Delivery of CD8⁺ T-Cell Epitopes into Major Histocompatibility Complex Class I Antigen Presentation Pathway by Bordetella pertussis Adenylate Cyclase: Delineation of Cell Invasive Structures and Permissive Insertion Sites

Radim Osika,¹ Adriana Osiková,¹ Tümay Basar,¹ Pierre Guermonprez,² Marie Rojas,² Claude Leclerc,² and Peter ebo^1,*

Cellular and Molecular Microbiology Division, Institute of Microbiology of the Academy of Sciences of the Czech Republic, CZ-142 20 Prague 4, Czech Republic,¹ and Unité de Biologie des Régulations Immunitaires, Institut Pasteur, 75724 Paris, France²

Received 26 July 1999/Returned for modification 2 September 1999/Accepted 19 October 1999

Bordetella pertussis adenylate cyclase (AC) toxin-hemolysin (ACT-Hly) can penetrate a variety of eukaryotic cells. Recombinant AC toxoids have therefore been recently used for delivery of CD8⁺ T-cell epitopes into antigen-presenting cells in vivo and for induction of protective antiviral, as well as therapeutic antitumor cytotoxic T-cell responses. We have explored the carrier potential of the ACT molecule by insertional mutagenesis scanning for new permissive sites, at which integration of two- to nine-residue-long peptides does not interfere with membrane interaction and translocation of ACT. A model CD8⁺ T-cell epitope of ovalbumin was incorporated at 10 of these permissive sites along the toxin molecule, and the capacity of ACT constructs to penetrate into cell cytosol and deliver the epitope into the major histocompatibility complex (MHC) class I antigen processing and presentation pathway was examined.

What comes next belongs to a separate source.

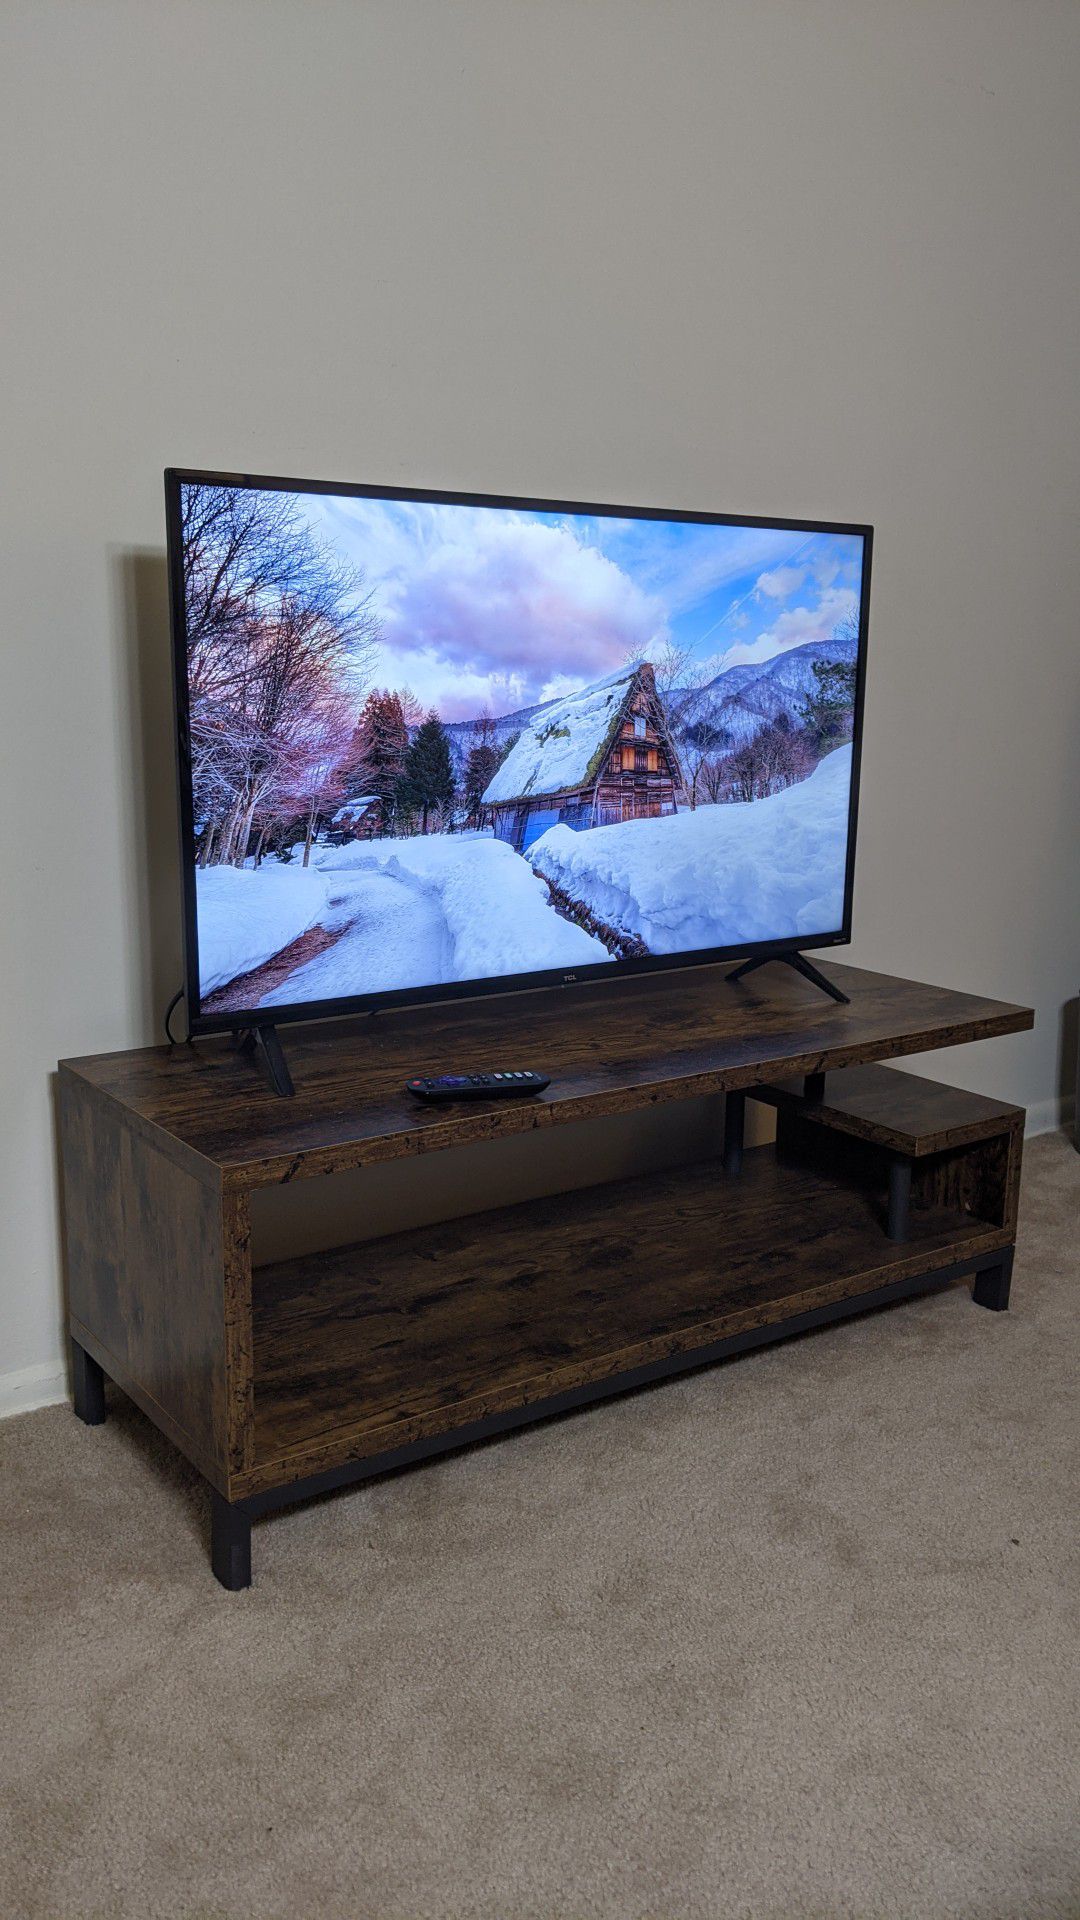 TCL 40" Smart TV + TV Stand

While all six constructs bearing the epitope within the Hly portion of ACT failed to deliver the epitope to the MHC class I molecules, all four toxoids with inserts within different permissive sites in the AC domain efficiently delivered the epitope into this cytosolic pathway, giving rise to stimulation of a specific CD8⁺ T-cell hybridoma. The results suggest that, in contrast to the AC domain, the hemolysin moiety of ACT does not reach the cytosolic entry of the MHC class I pathway.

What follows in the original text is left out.